**Task details**.
Retype all data exactly as given. Pictures should not be retyped.
-------- Supplied material
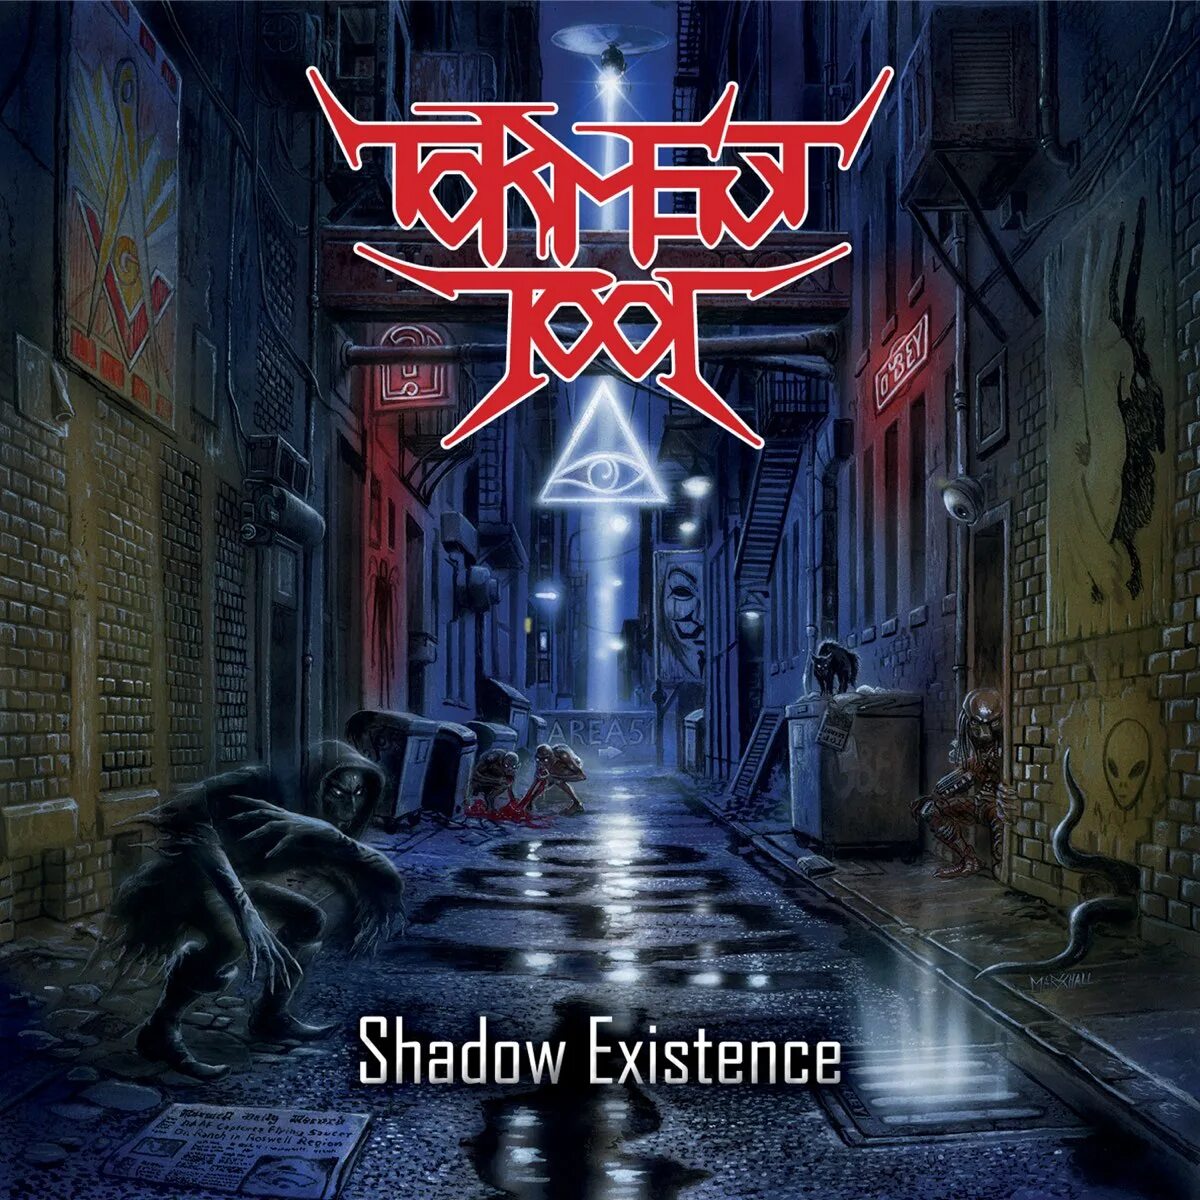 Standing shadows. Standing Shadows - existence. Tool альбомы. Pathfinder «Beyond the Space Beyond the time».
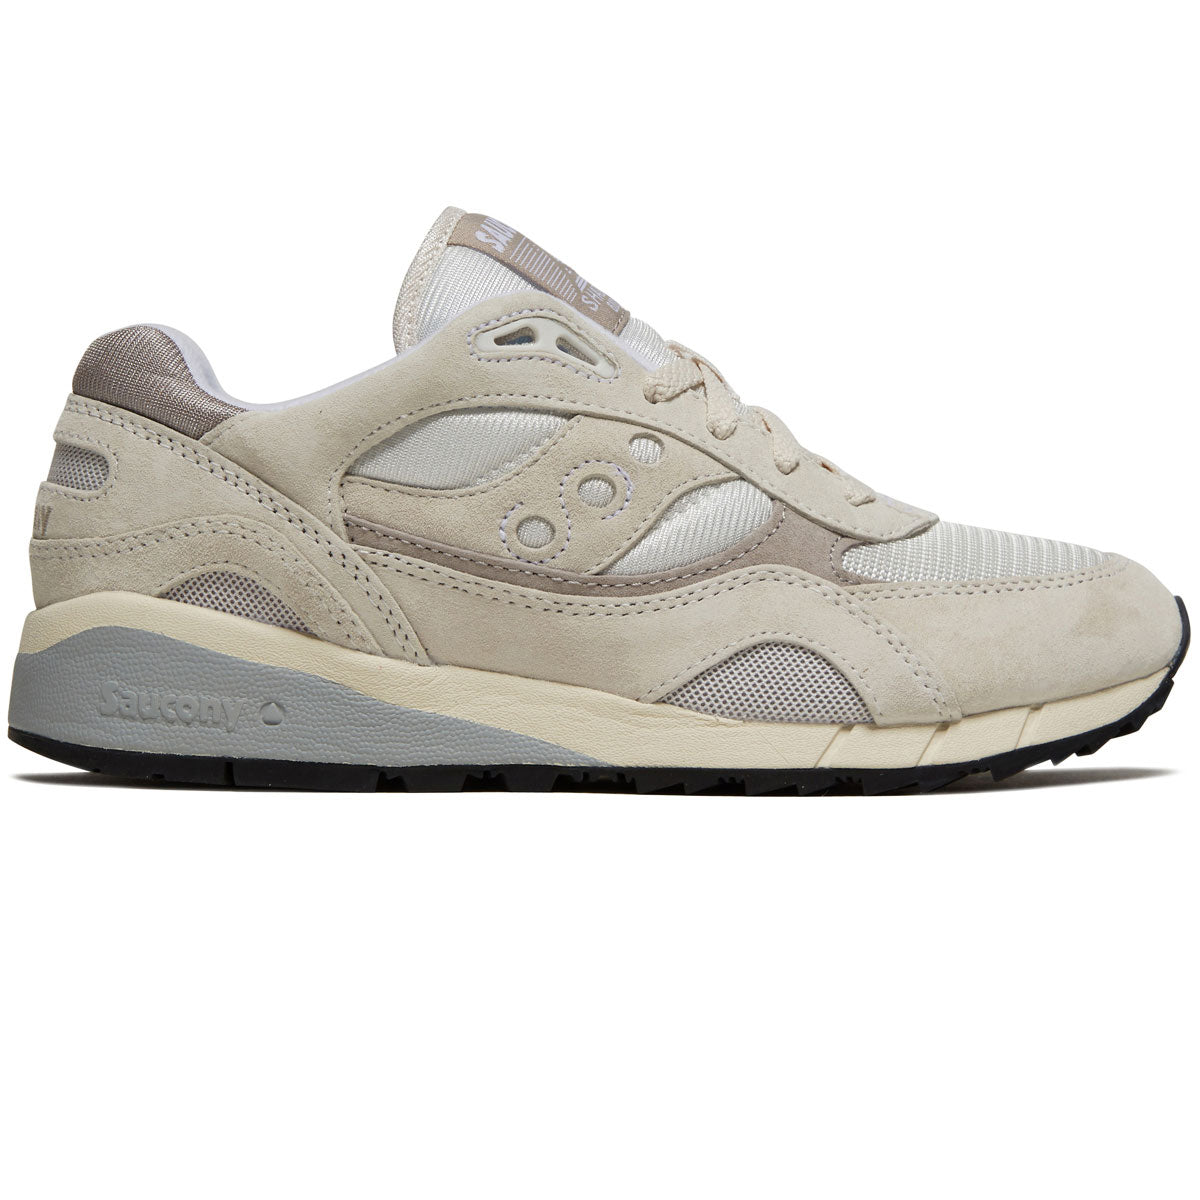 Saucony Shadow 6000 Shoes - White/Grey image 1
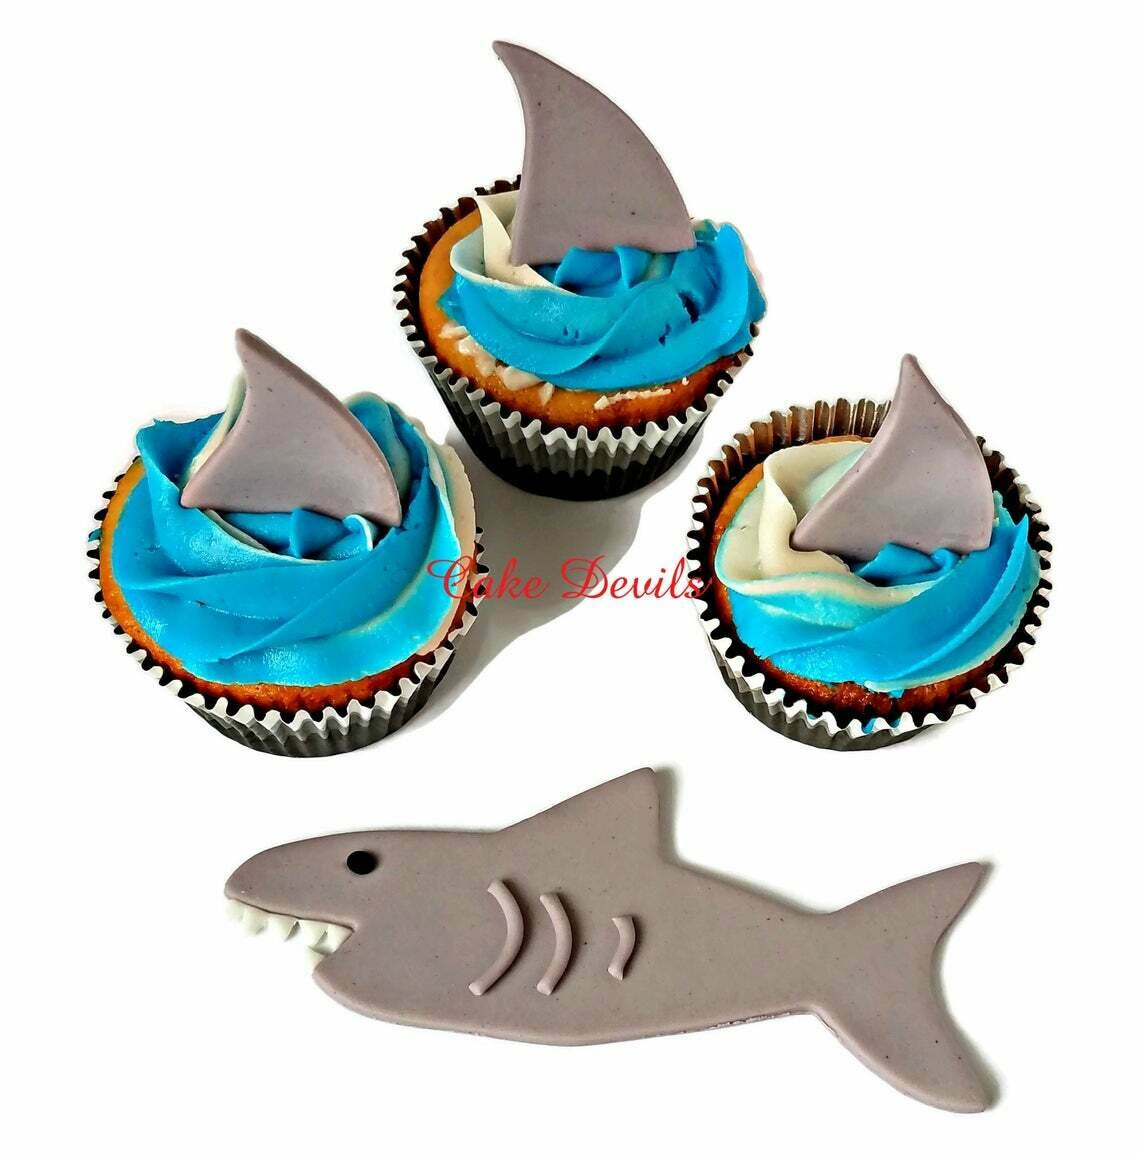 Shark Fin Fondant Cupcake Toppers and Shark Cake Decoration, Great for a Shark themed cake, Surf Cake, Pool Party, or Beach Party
----------------
**Result of the task**.
 Standing shadows. Standing Shadows - existence. Tool альбомы. Pathfinder «Beyond the Space Beyond the time».
 Saucony Shadow 6000 Shoes - White/Grey image 1
 Shark Fin Fondant Cupcake Toppers and Shark Cake Decoration, Great for a Shark themed cake, Surf Cake, Pool Party, or Beach Party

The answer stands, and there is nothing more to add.